Load a CSV file
Load a simple csv
This guide shows how to load a CSV file into a store thanks to a CSV source. For a description of what the CSV Source is and other advanced options not included in this guide, refer to the CSV source.
Goal
The goal is to load the first two columns of "trades.csv" file into the Trades
store.
File content
id,amount,currency,trader,traderEntity,bank
1,12394,chf,E F,E3,BNP Paribas
2,13149,gbp,A B,E4,BNP Paribas
Expected Trades
content
We want to load the first two columns into Trades
store.
id | amount |
---|---|
1 | 12394 |
2 | 13149 |
Setup
First, we need to import the artifact com.activeviam.source:csv-source
in our project.
Build a source
First step, in order to load a CSV file into a datastore, is to build a CSV source.
final ICsvSource<Path> csvSource = ICsvSource.builderForLocalFiles().build();
A CSV source is a collection of CSV topics. CSV topics are references to a CSV file or a directory containing CSV files. They are associated to a parser configuration. Let's build this parser configuration.

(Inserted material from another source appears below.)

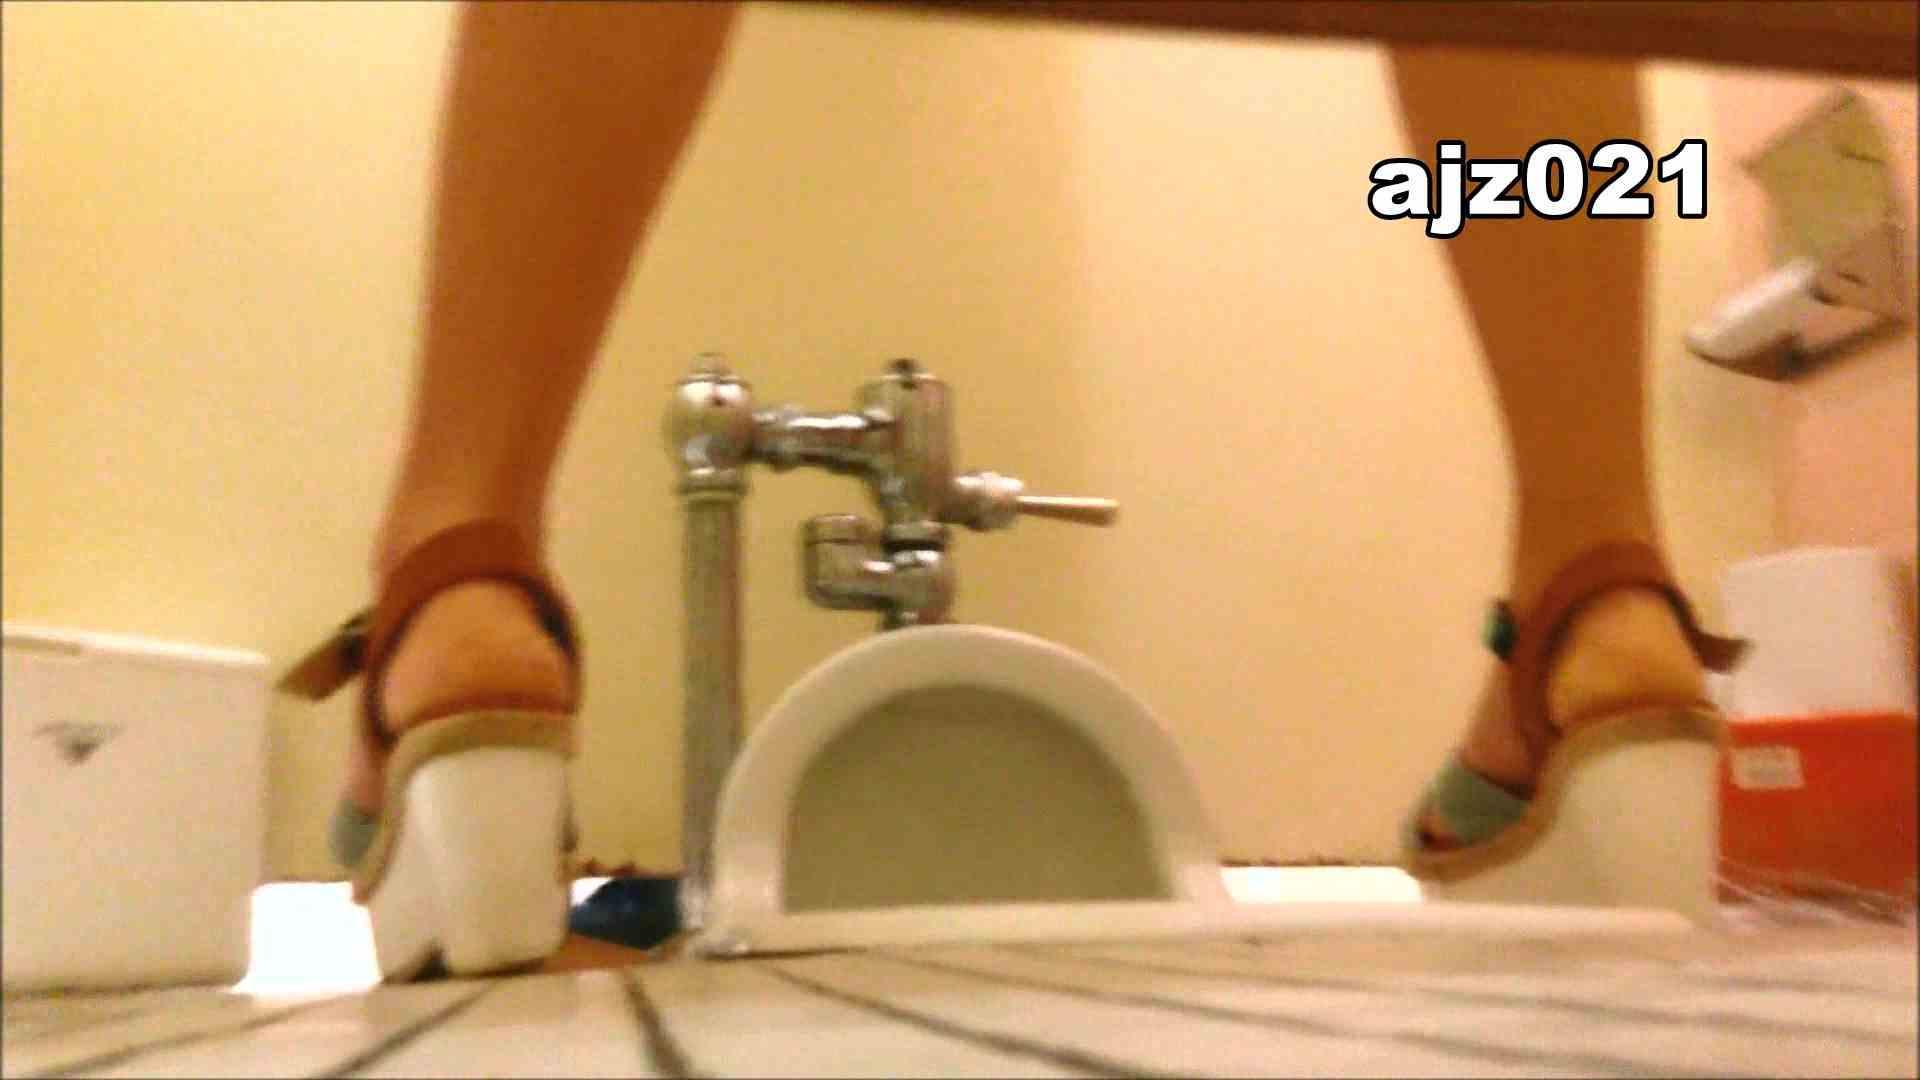 某有名大学女性洗面所 vol.21 潜入 隠し撮りオマンコ動画紹介 80PIX 21

final CsvParserConfiguration parserConfig =
CsvParserConfiguration.builder()
.withColumnNames(columnNames)
.separator(',') // Default separator is ',', you can customize this.
.numberSkippedLines(1) // Skip one line, e.g. if your file has a header.

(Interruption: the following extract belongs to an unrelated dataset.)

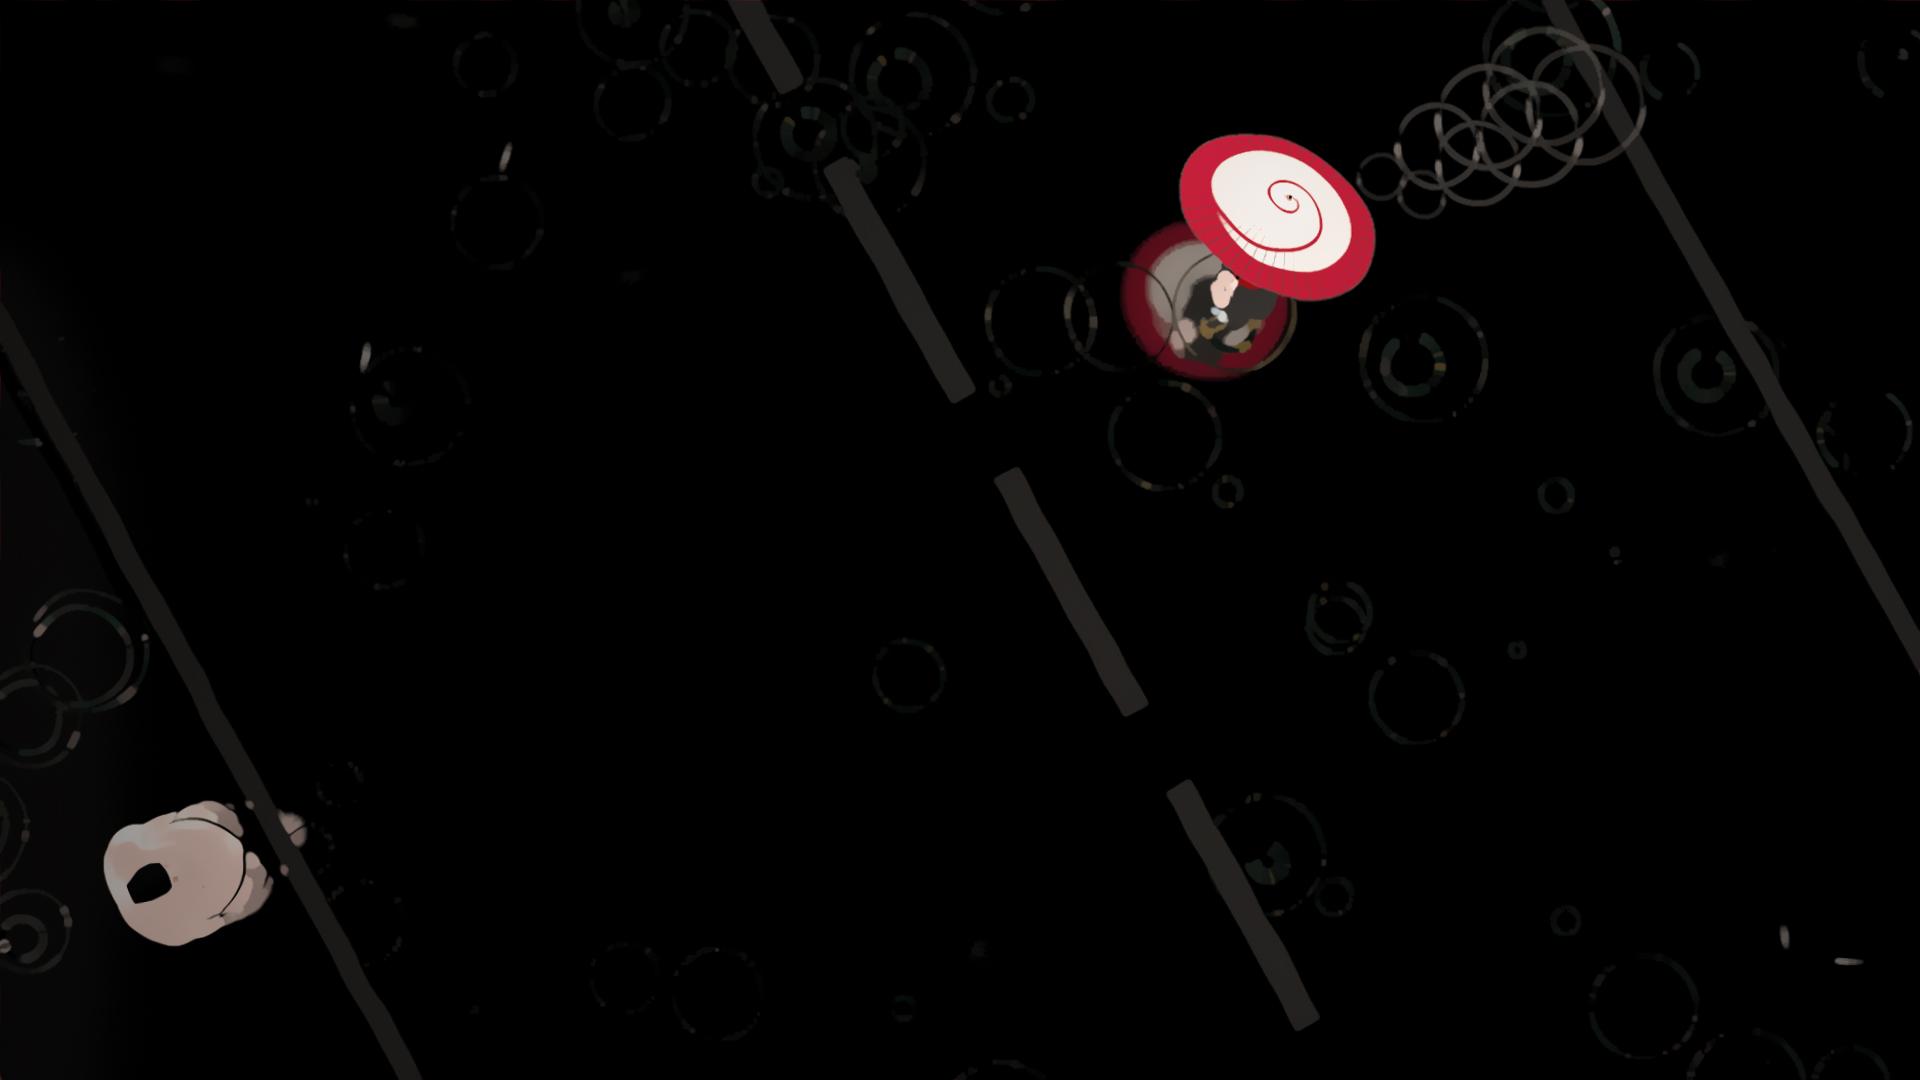 klaaskaat_akebonisumo_05.jpg

.charset(StandardCharsets.UTF_8) // You can override the default charset
.acceptOverflowingLines(
true) // Accept lines with more columns than expected and ignore the extra columns
.build();
Then build a topic with the parser configuration.

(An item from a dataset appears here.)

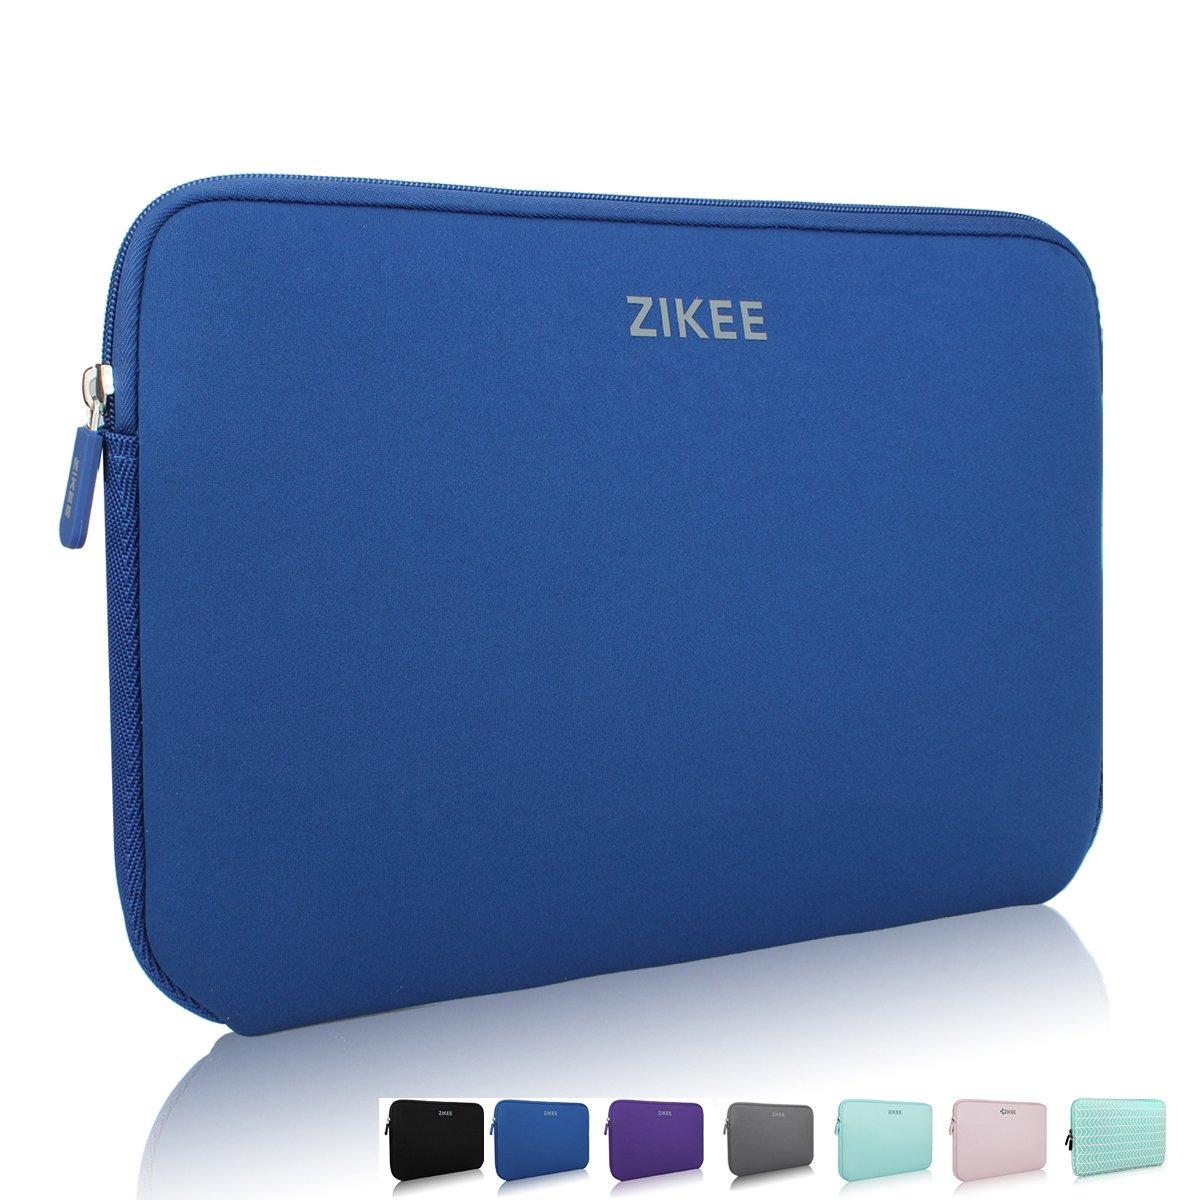 zikee housse ordinateur portable 15 15 6 pouces pc portable pochette ebay. Black Bedroom Furniture Sets. Home Design Ideas

This topic will load a single file in the Trades
store.
Because of this simple mapping the name of the store is used as a topic name.
This topic is registered into the source.
// Will be close by source
final SingleFileCsvTopic csvTopic =
new SingleFileCsvTopic(topicName, parserConfig, filePath, null);
csvSource.addTopic(csvTopic);
Load into datastore
Second step is to create a channel and use the source to fetch the data into the Datastore.
A channel is the link between a topic and a store.
You can build a channel factory like this.
final IStoreMessageChannelFactory<IFileInfo<Path>, ILineReader> channelFactory =
new CsvMessageChannelFactory<>(csvSource, datastore);
Finally, we use the source to process the channel.
Source loads topic content using the channel and stream it into the Datastore.
There is two ways of doing so.
Using the fetch utility :
final Fetch<IFileInfo<Path>, ILineReader> fetch = new Fetch<>(channelFactory);
fetch.fetch(csvSource);
Or in a manual way :
final IStoreMessageChannel<IFileInfo<Path>, ILineReader> channel =
channelFactory.createChannel(TOPIC_NAME, STORE_NAME);
datastore.getTransactionManager().startTransaction();
csvSource.fetch(List.of(channel));
datastore.getTransactionManager().commitTransaction();
Be careful, ICsvSource
is an AutoCloseable
resource.
Closing a source closes all the registered topics.
csvSource.close();
Load with a calculated column
Goal
The goal is still to load the same file into the Trades
store, but we want to compute a new column from the
amount column.
Expected trade content
id | amount | negatedAmount |
---|---|---|
1 | 12394 | -12394 |
2 | 13149 | -13149 |
Load into the datastore
To add a new column which is based on existing ones we use an IColumnCalculator
.
final AColumnCalculator<ILineReader> calculator =
new AColumnCalculator<>(negatedAmountField) {
@Override
public Object compute(final IColumnCalculationContext<ILineReader> context) {
final Long amountValue = (Long) context.getValue(AMOUNT_FIELD);
return Math.negateExact(amountValue);
}
};
This calculator must be registered in the channel factory.
channelFactory.setCalculatedColumns(STORE_NAME, List.of(calculator));
Then you can use your source to do the feeding as usual.
final Fetch<IFileInfo<Path>, ILineReader> fetch = new Fetch<>(channelFactory);
fetch.fetch(csvSource);